Indeed, a study by Stanford Researcher Gregory Bratman found that walking in nature, like meditation practice, can interrupt our tendency to ruminate. In nature we become embodied, focusing on our footfalls and the rush of sensory information that is less noticeable when practice occurs in our comfort (i.e. boredom) zones. Stepping outside those zones and into the great outdoors primes us to be present.
This isn’t to say there isn’t a place for teaching seated and still mindfulness techniques. Rather, those techniques may be most effectively taught when they are one arrow in a varied and vibrant quiver. Reducing mindfulness to its most sedentary posture is a surefire way to turn off a generation that could benefit immensely from a tool that can support them in so many ways, from reducing anxiety to boosting resilience and satisfaction. Rewilding mindfulness can open us once again to the many ways and manifold places in which it is possible to cultivate embodied awareness.
When walking in the woods with his own kids, Willard might let them know that the quieter they are, the more likely it is they will see animals. This can lead to the playful activity of “walking like a ninja,” with a high degree of focus.

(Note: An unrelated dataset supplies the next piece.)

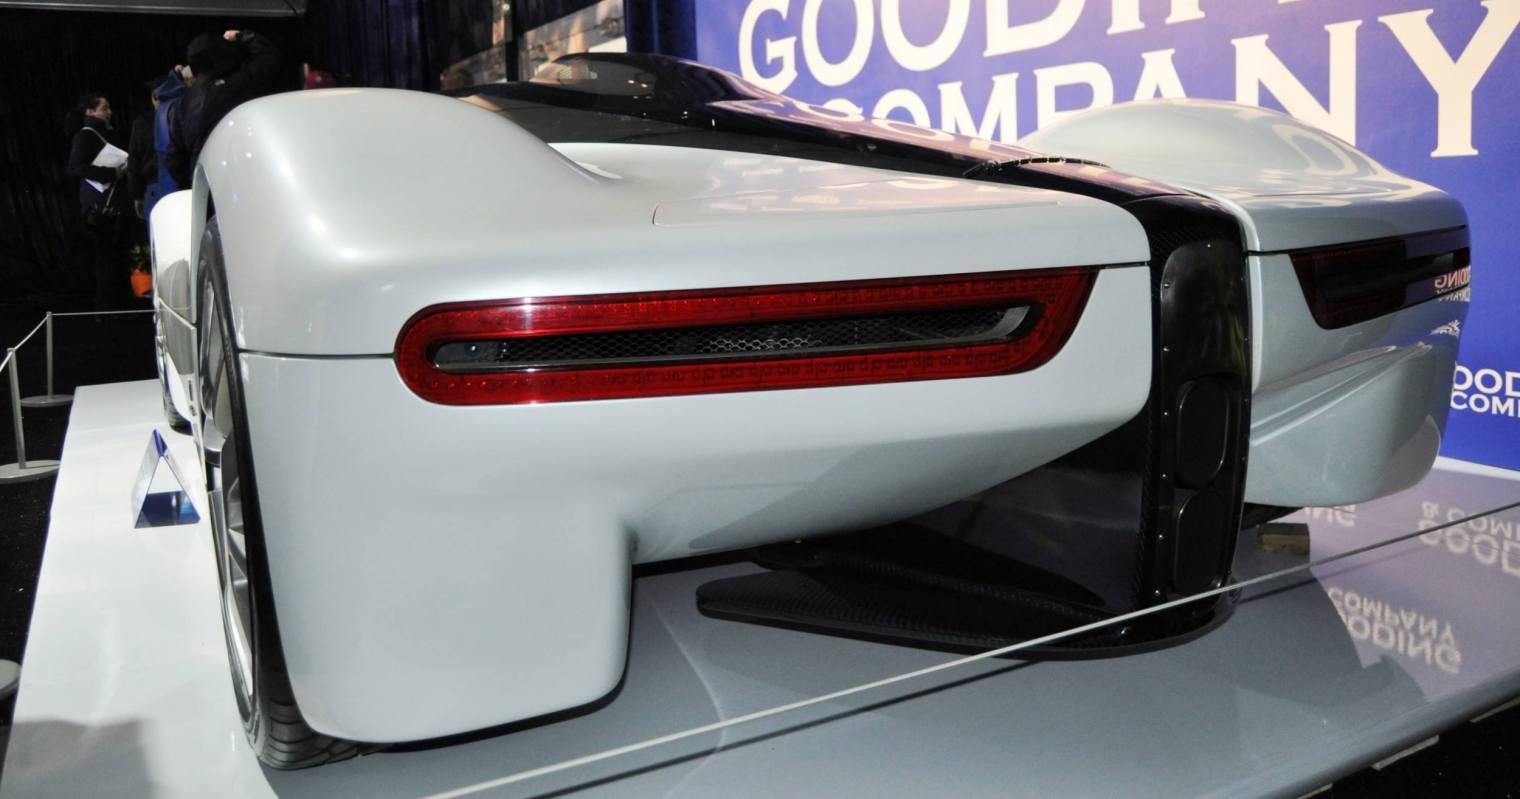 Gooding & Co. -- Amelia Island 2014 Gallery -- 2005 Maserati Birdcage 75th Concept 10

In his book The Way of Mindful Education, therapist and mindfulness expert Daniel Rechtshaffen explains that he often tells students they are going to “play” mindfulness: “There’s no homework, there’s no tests, and no way you could possibly get it wrong.”
On the debrief from my walk in the woods with my own students last fall, the responses to the activity ranged from silly to profound. Several students shared that they had smelled their own breath (it was mid-pandemic and everyone was masked), and we had a laugh, since this was definitely not wrong. And they felt many things, from the leaves crunching beneath their feet to the rough bark of a log upon which they sat. But one of the most memorable responses was also one of the simplest: one student reported feeling “happy.”